TO DO:
Every line below is to be given again precisely; images are to be left out.

SUPPLIED INFORMATION:
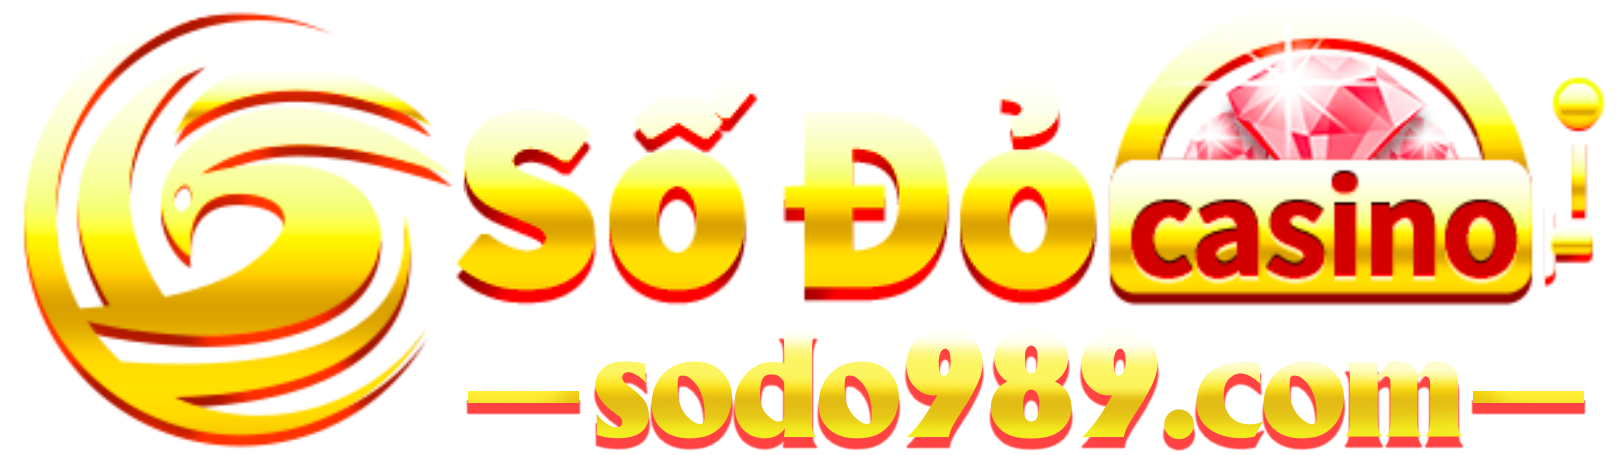 Sodo989.com
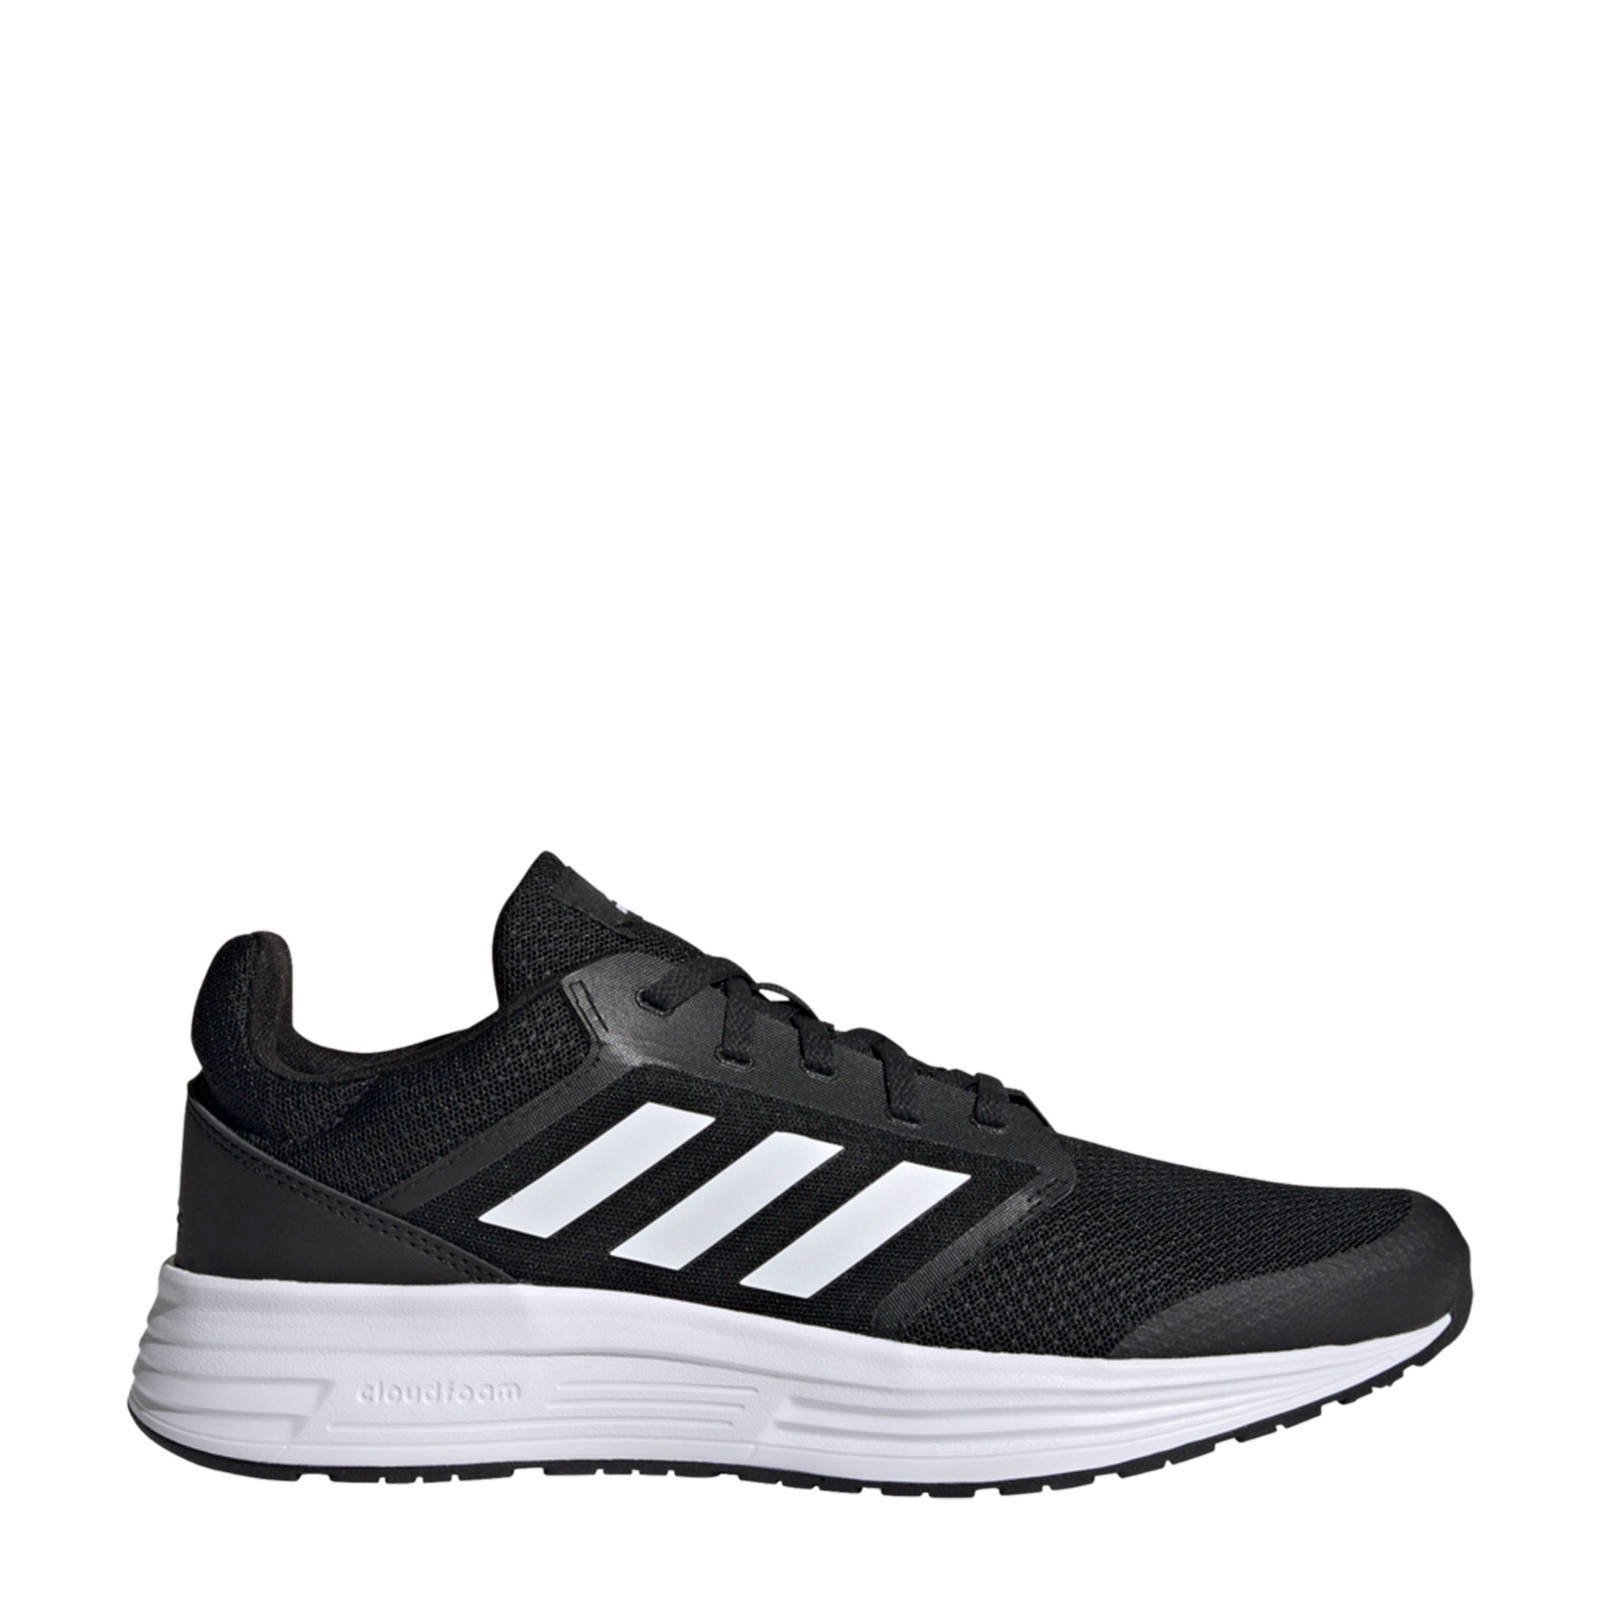 Adidas Performance Galaxy 5 hardloopschoenen zwart/wit online kopen
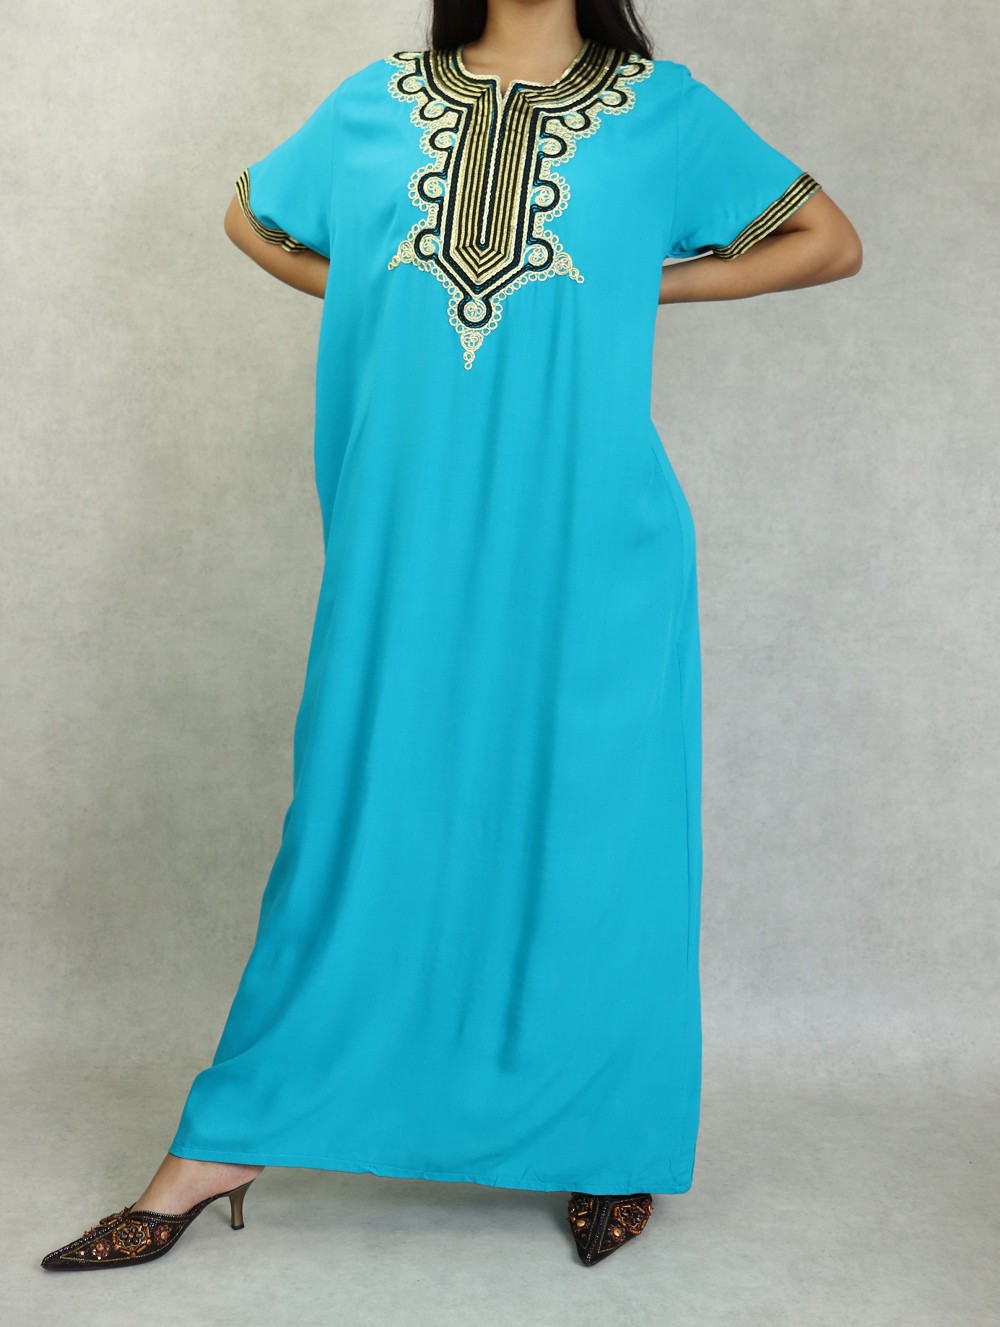 Robe orientale longue pour femme avec broderies dorées - Couleur bleu  turquoise
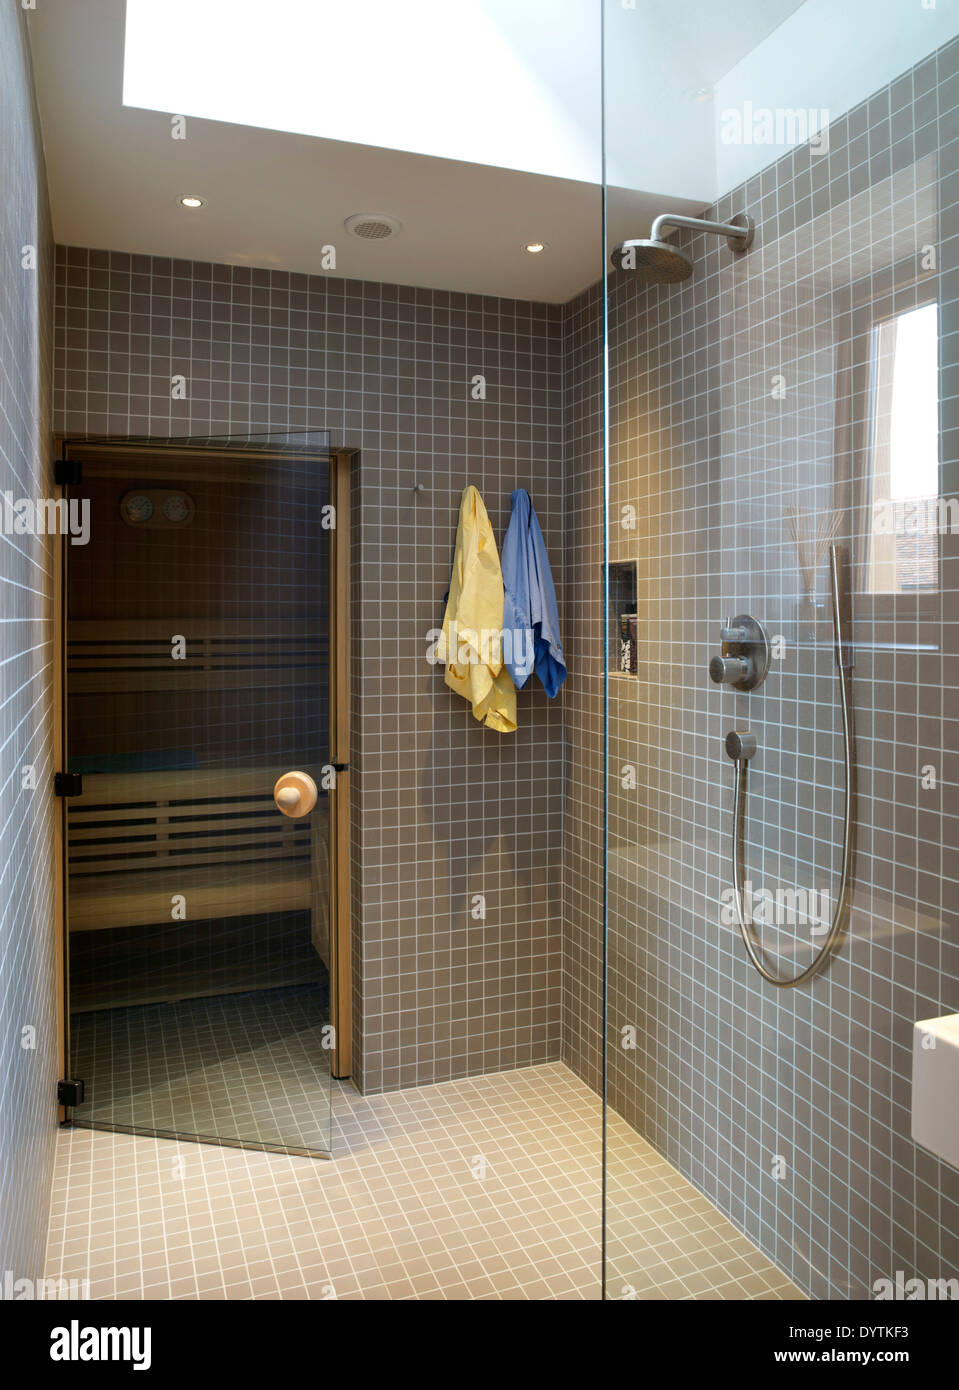 Douche dans salle d'eau moderne, Champ Place Barns, Surrey Banque D'Images

FINISHED EXERCISE:
 Sodo989.com
 Adidas Performance Galaxy 5 hardloopschoenen zwart/wit online kopen
 Robe orientale longue pour femme avec broderies dorées - Couleur bleu  turquoise
 Douche dans salle d'eau moderne, Champ Place Barns, Surrey Banque D'Images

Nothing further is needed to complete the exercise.